Issue #43, November 1997

Would you like to publish the texts you write in more than one format—PostScript for printing, plain ASCII for e-mail, and HTML for the a web page? YODL could be just the language you need.

I wrote the first version of YODL in late 1995 and early 1996, as a general document language for my personal use then named DOM, for “document maintainer”. I was dissatisfied with the SGML converter I was using at the time, and wanted to write a quick-and-dirty program that would read a document and convert it either to LaTeX (for printing PostScript) or to HTML.
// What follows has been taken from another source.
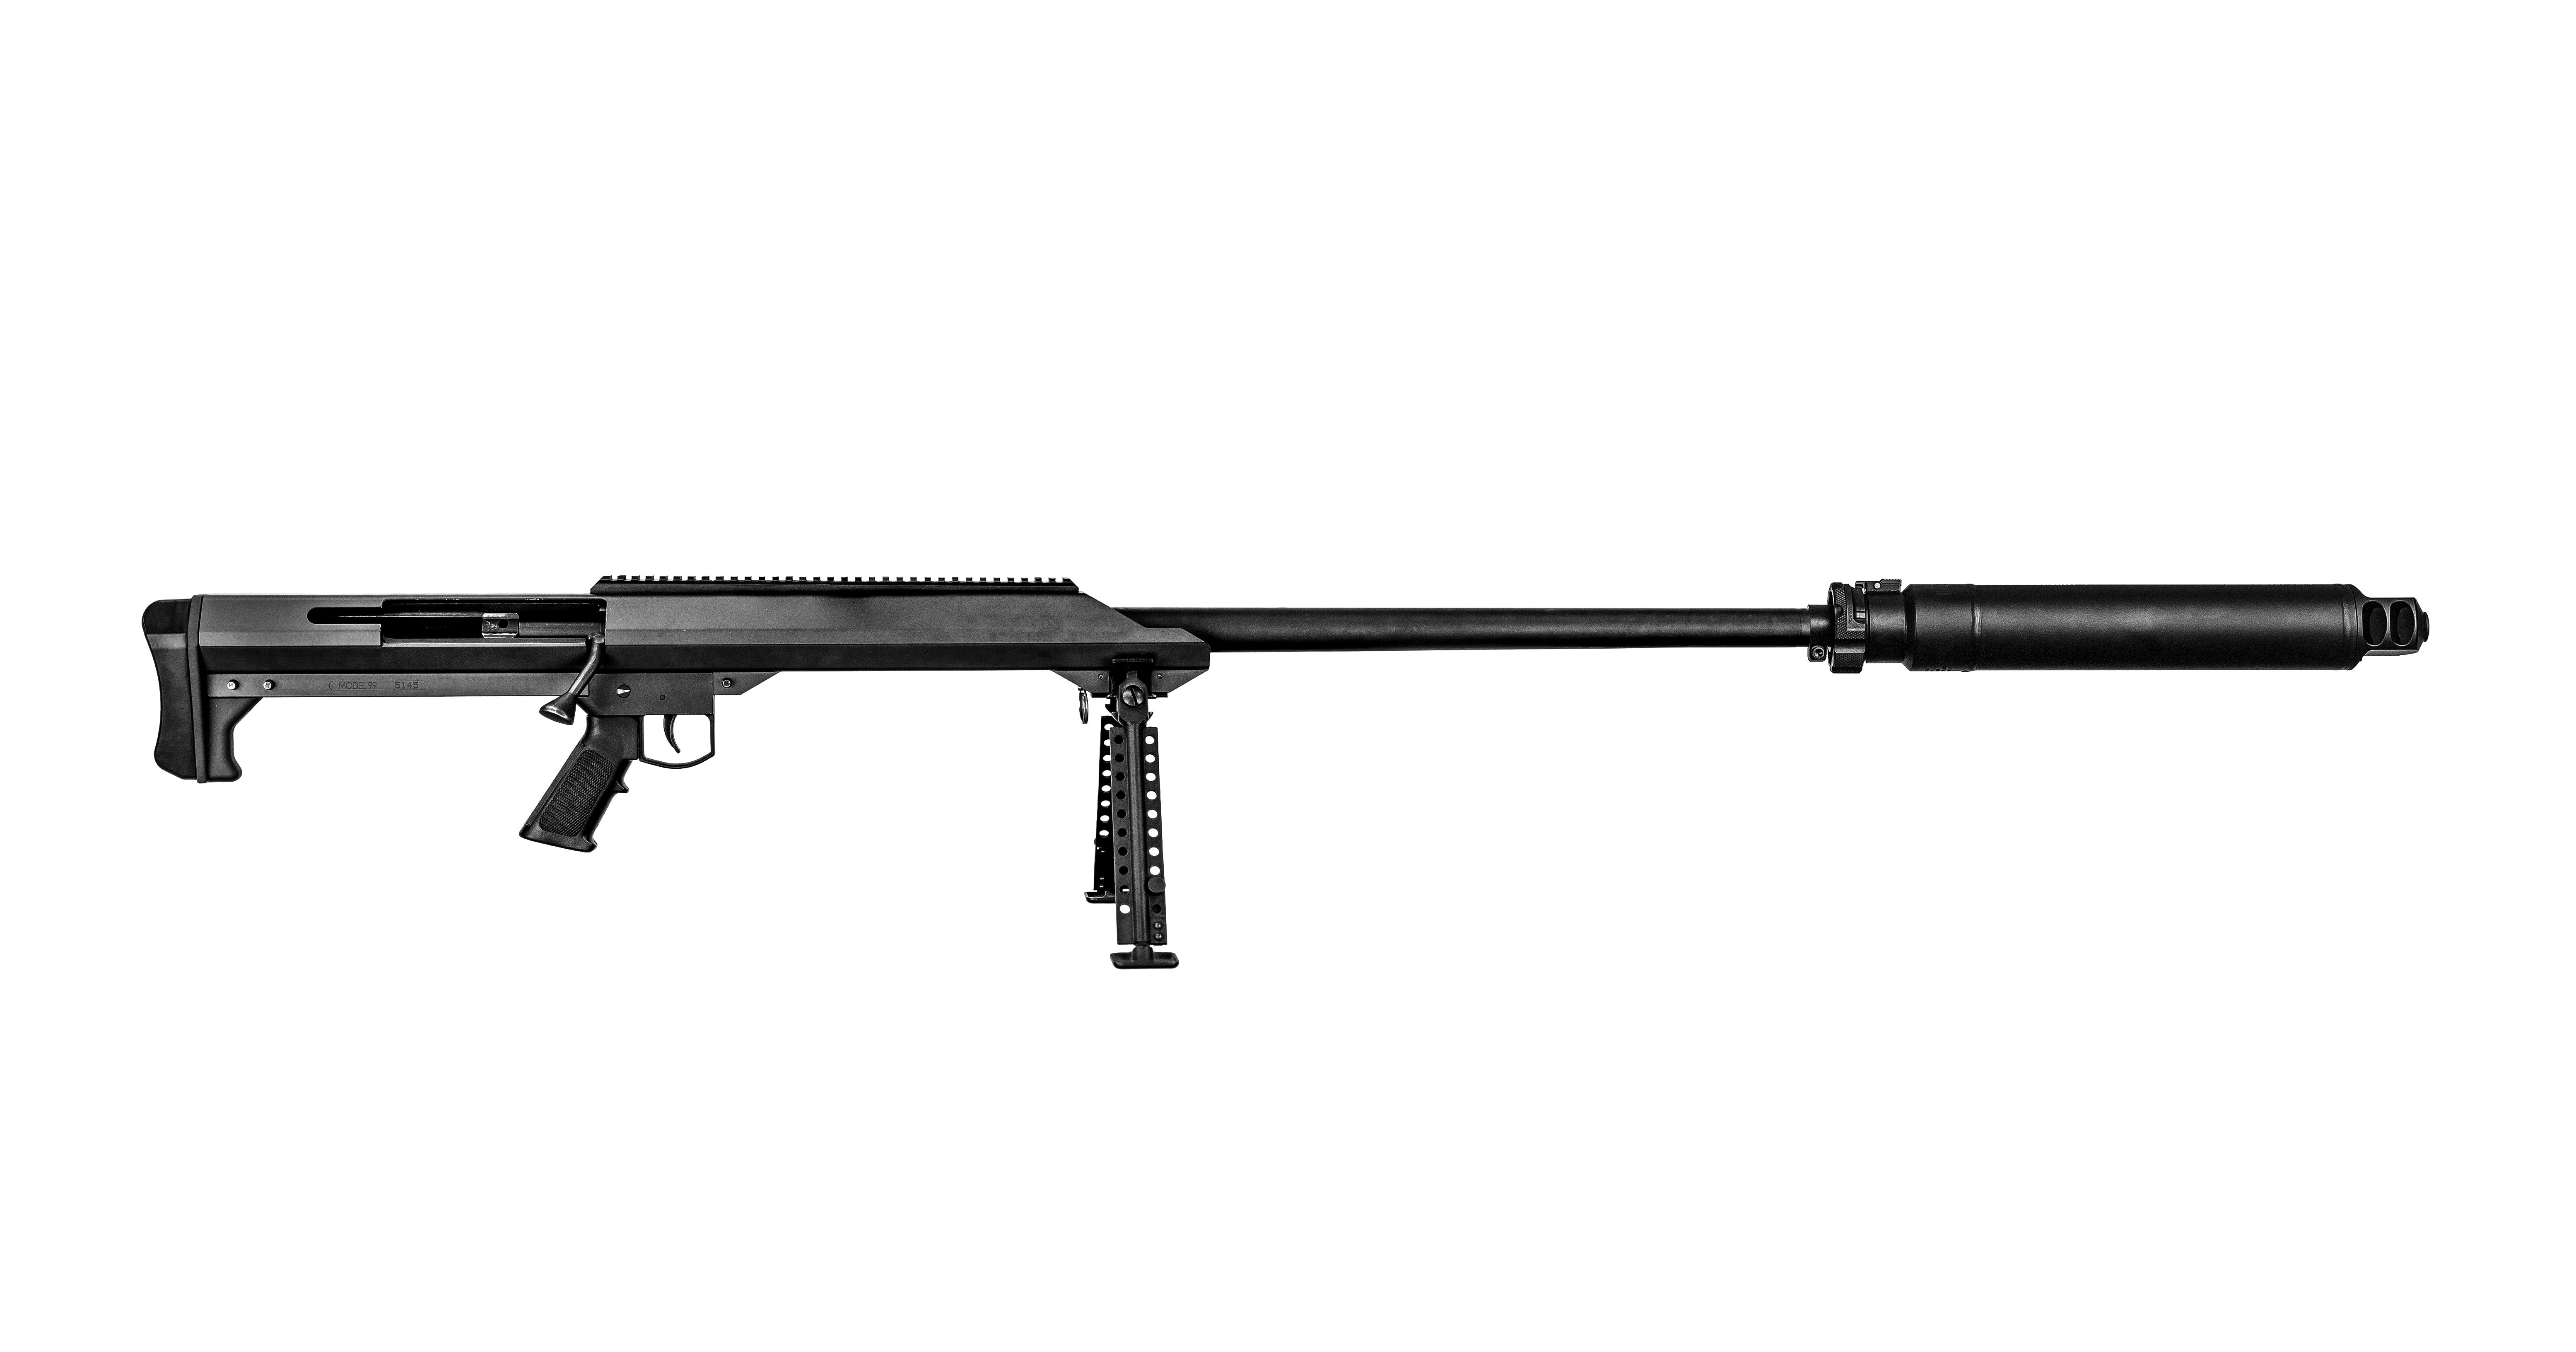 Barrett Firearms MODEL 99 50 BMG

Unfortunately, a quick-and-dirty program, like a boomerang, has a way of flying back at you. As soon as I began to use YODL, I told my colleagues at work about it, and they were immediately ready to use it too. Soon I was rewriting YODL, implementing new features, writing converters for other formats and documenting it all. YODL has evolved from a private program to the document language everyone in my department uses. I consider YODL ready for the world in its current “beta” state. In this article I'd like to introduce YODL and tell you why it is a handy program to have around.

Obtaining and Installing YODL

Design Specifications of YODL

First, let me explain my goals in designing YODL. Most importantly, I wanted YODL to become a document language that would be intuitive and easy to use, unlike many common document languages such as LaTeX, HTML and some current SGML implementations.
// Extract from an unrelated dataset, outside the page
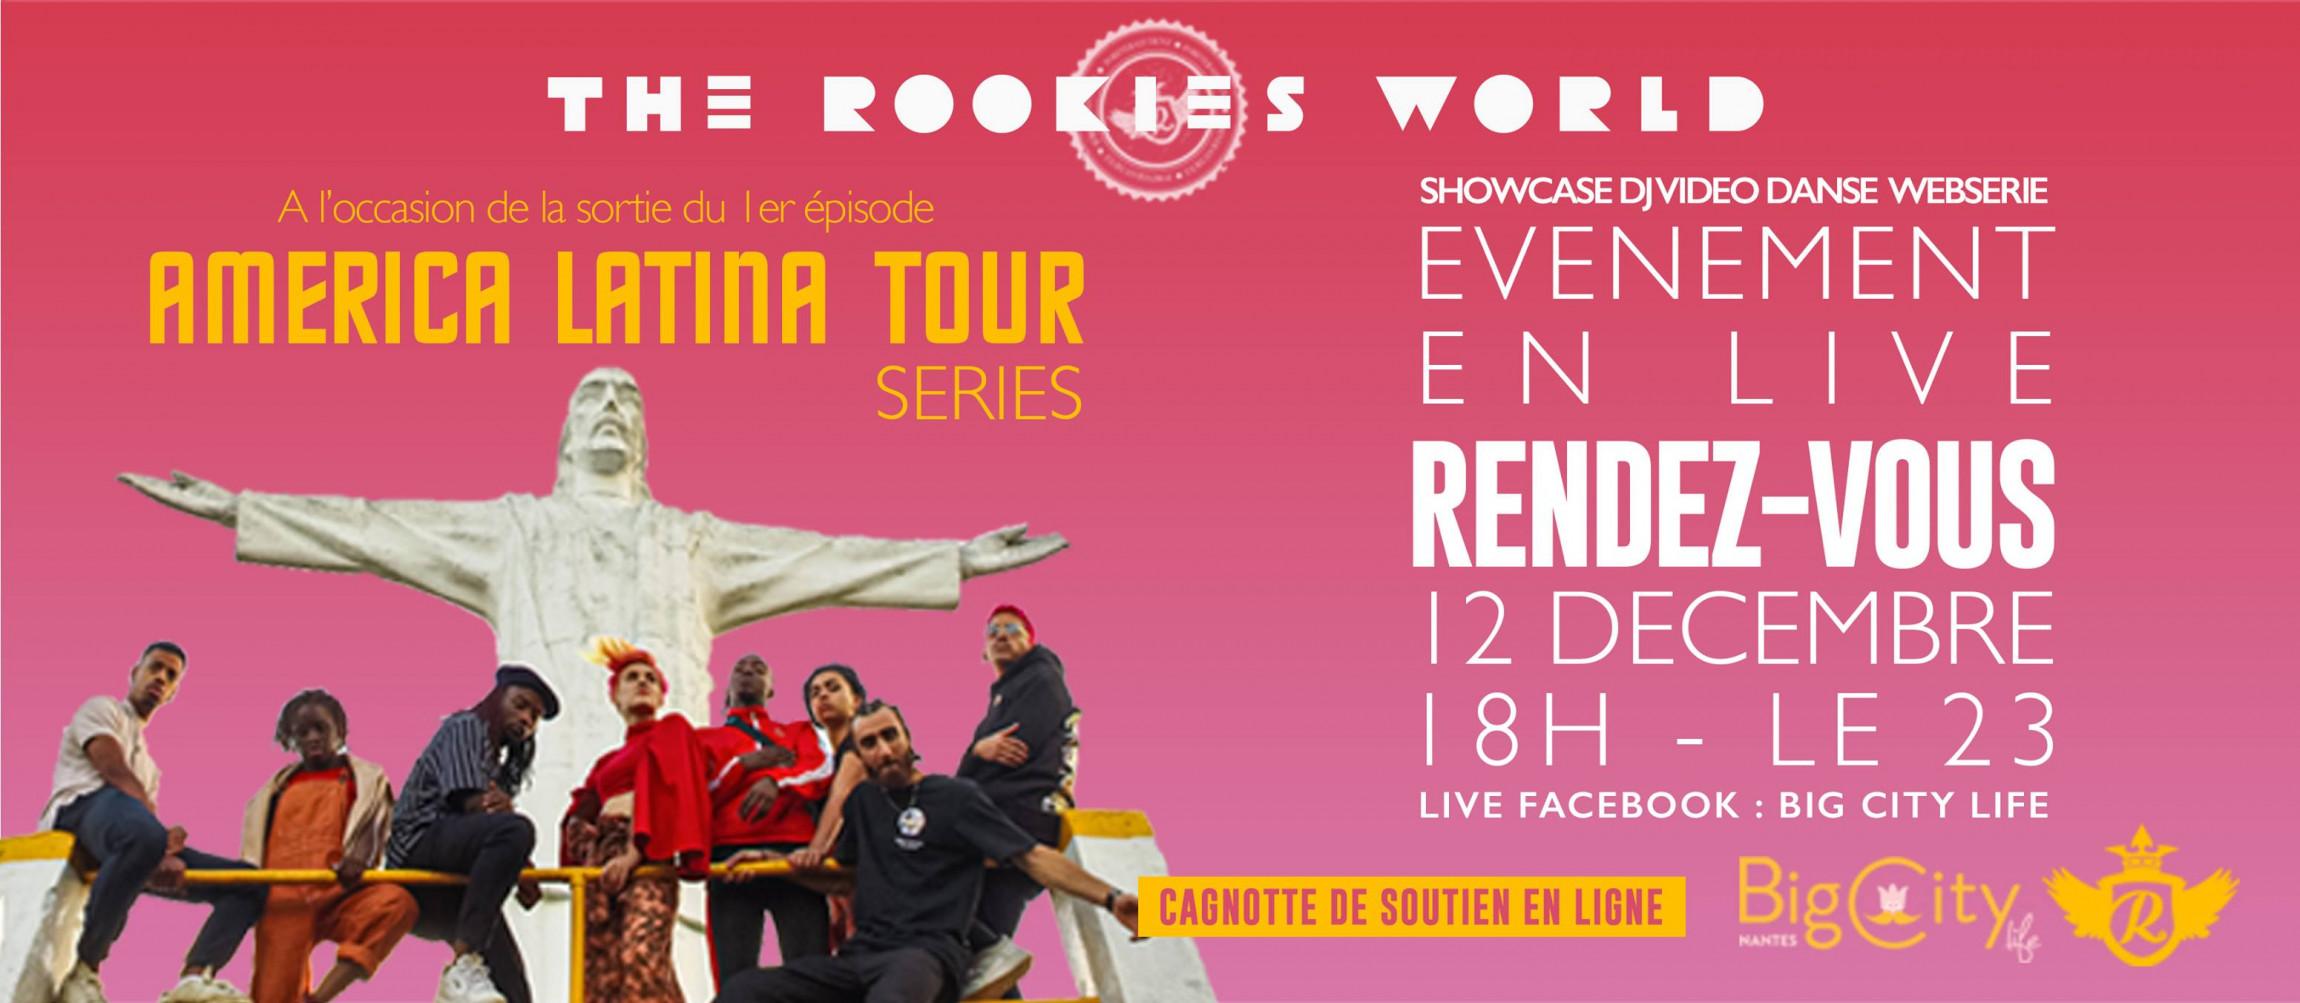 The Rookies World - Danse Hip-hop

In each of these languages, certain characters are special. In LaTeX, for example, you can't simply enter $%\* and expect it to appear in your text. In HTML you must enter < as < to produce the < character. In my version of SGML you must enter an ampersand (&) as either & or as &ero;, depending on whether you want the ampersand to appear in normal text or in a listing—which is horrible. On the other hand, all characters in YODL appear in the output as you entered. My idea is this: just type away, and whatever you type goes into the output. YODL implements translations such as these with character conversion tables. For example, the LaTeX conversion table specifies that a * in the input results in a $*$ in the output. (You could even create a character conversion table stating that aa should lead to bb, bb to cc, and so on; which might produce interesting output.)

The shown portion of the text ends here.